> _SUPPLIED INFORMATION_
··········
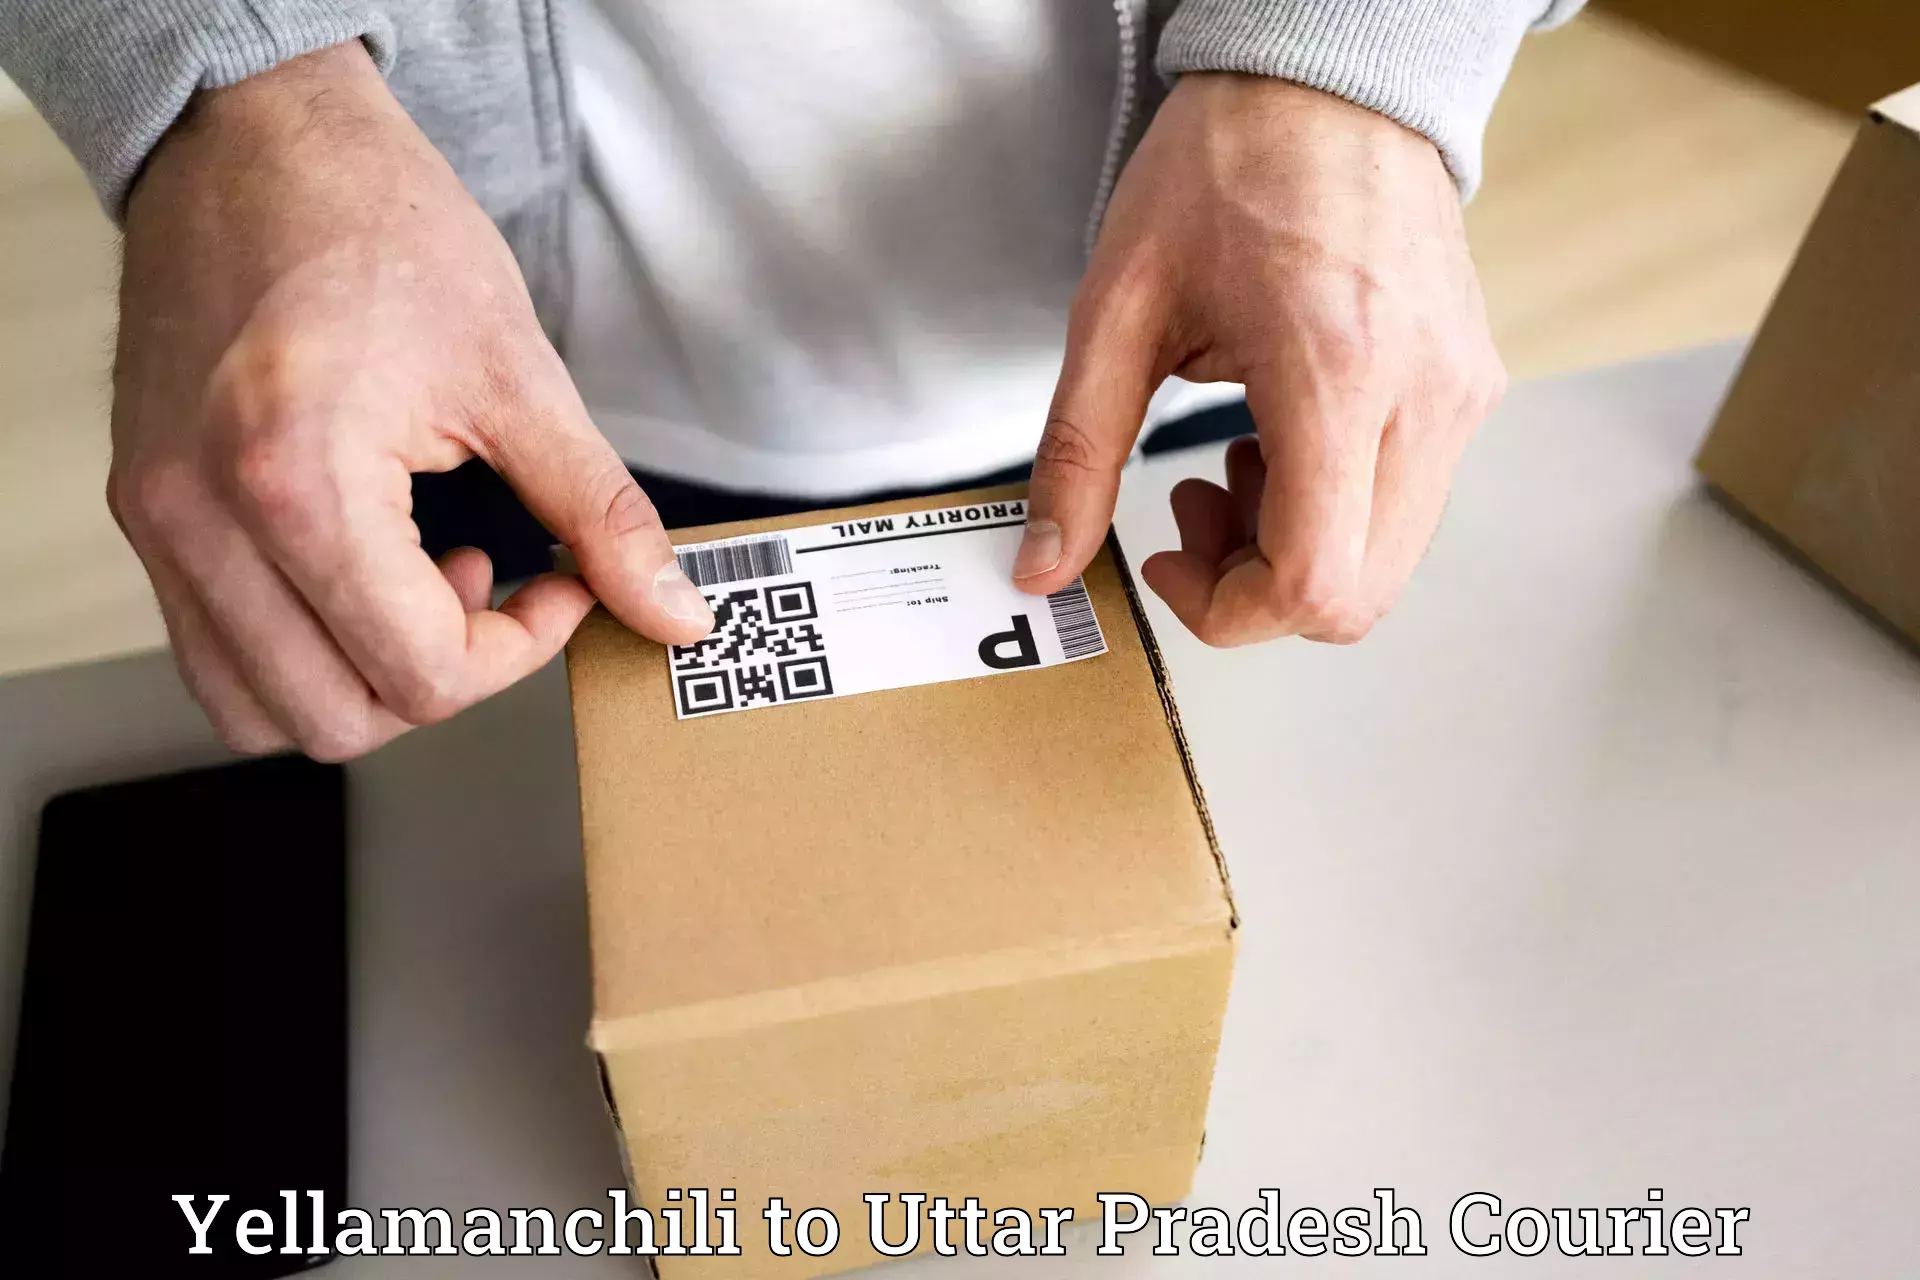 Customer-focused courier Yellamanchili to Uttar Pradesh
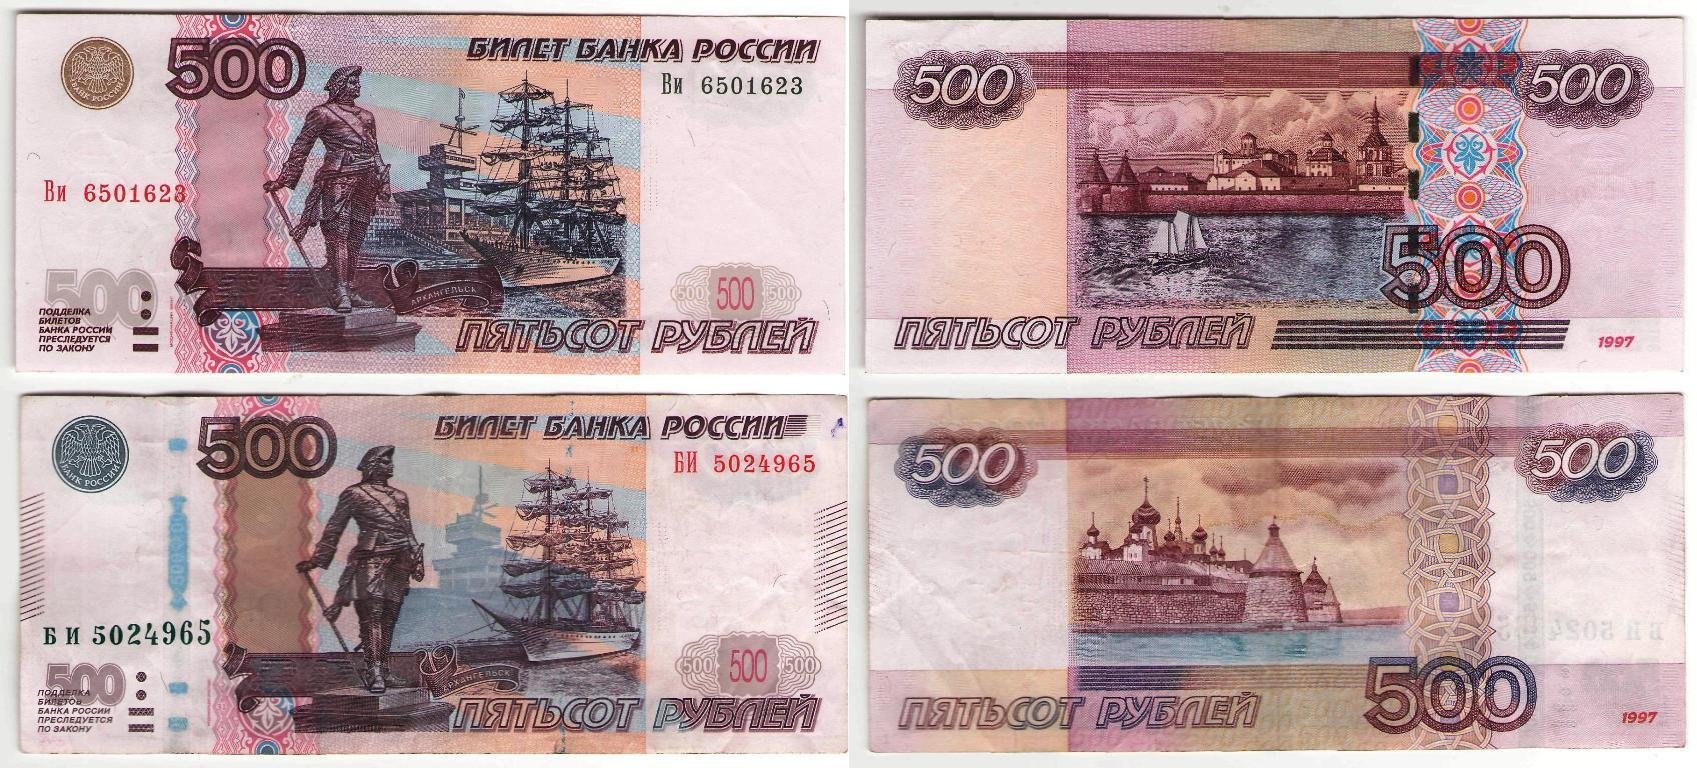 500 рублей по частям. Купюра 500 рублей 1997. 500 Рублей. Деньги печатать. Купюра 500 рублей старого образца.
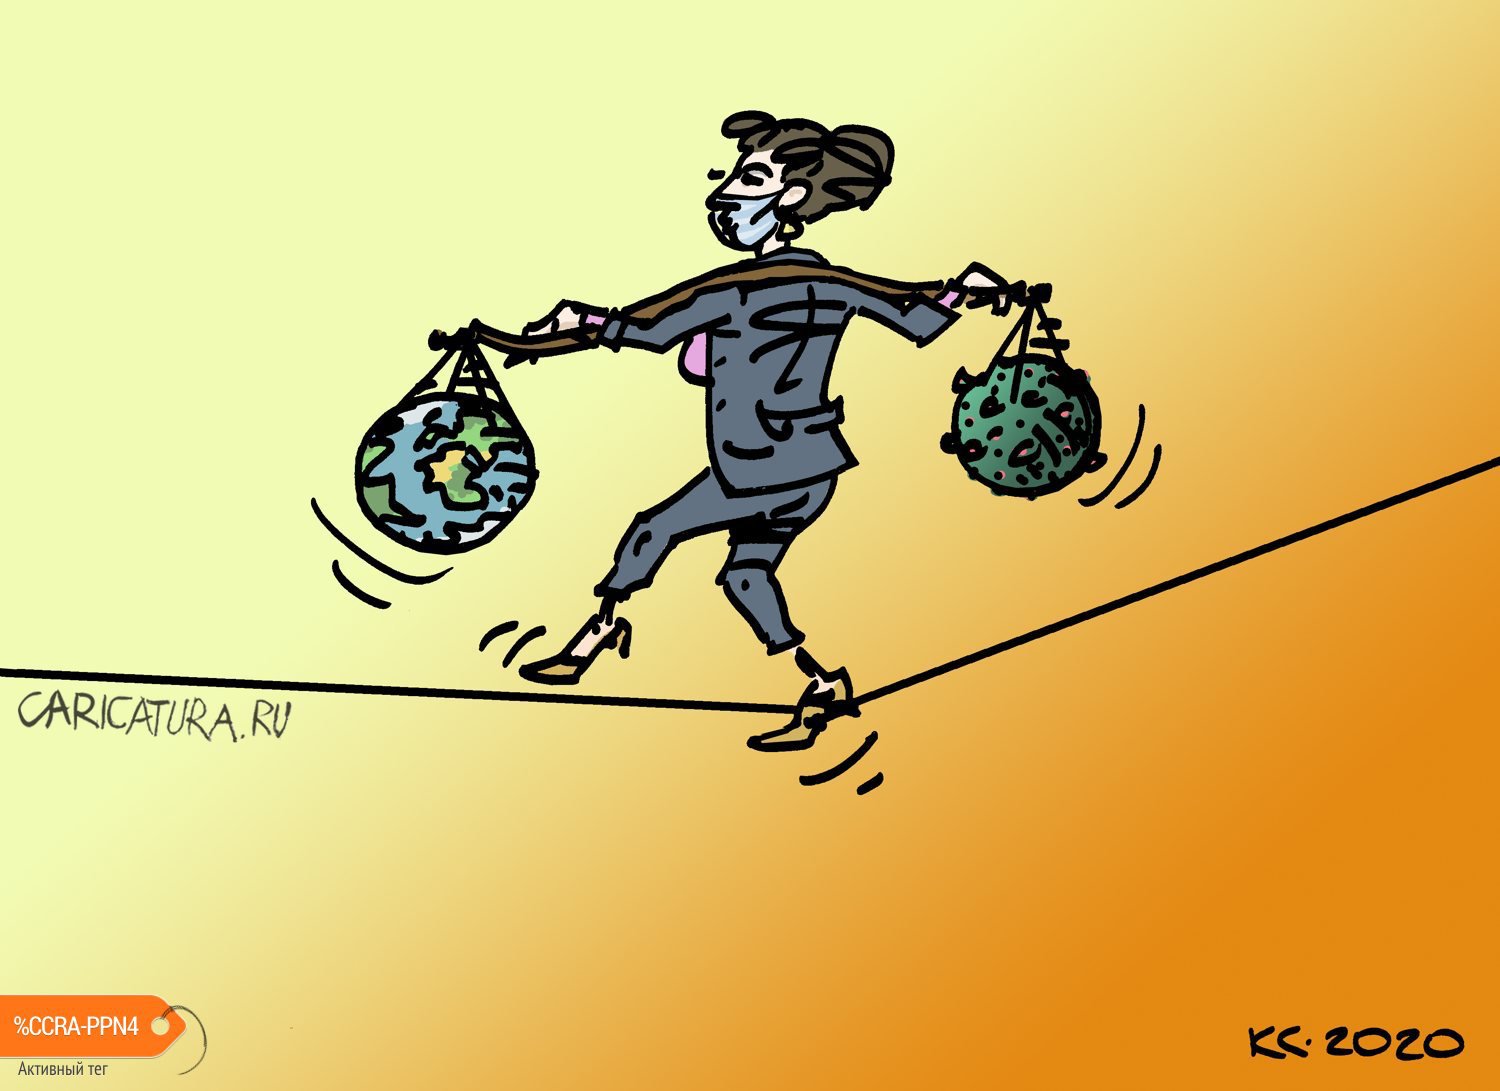 Карикатура "Неустойчивое равновесие", Вячеслав Капрельянц
··········
> _WHAT IS NEEDED_
Copy out the lines above unchanged. Skip the images.

> _TASK SOLUTION_
 Customer-focused courier Yellamanchili to Uttar Pradesh
 500 рублей по частям. Купюра 500 рублей 1997. 500 Рублей. Деньги печатать. Купюра 500 рублей старого образца.
 Карикатура "Неустойчивое равновесие", Вячеслав Капрельянц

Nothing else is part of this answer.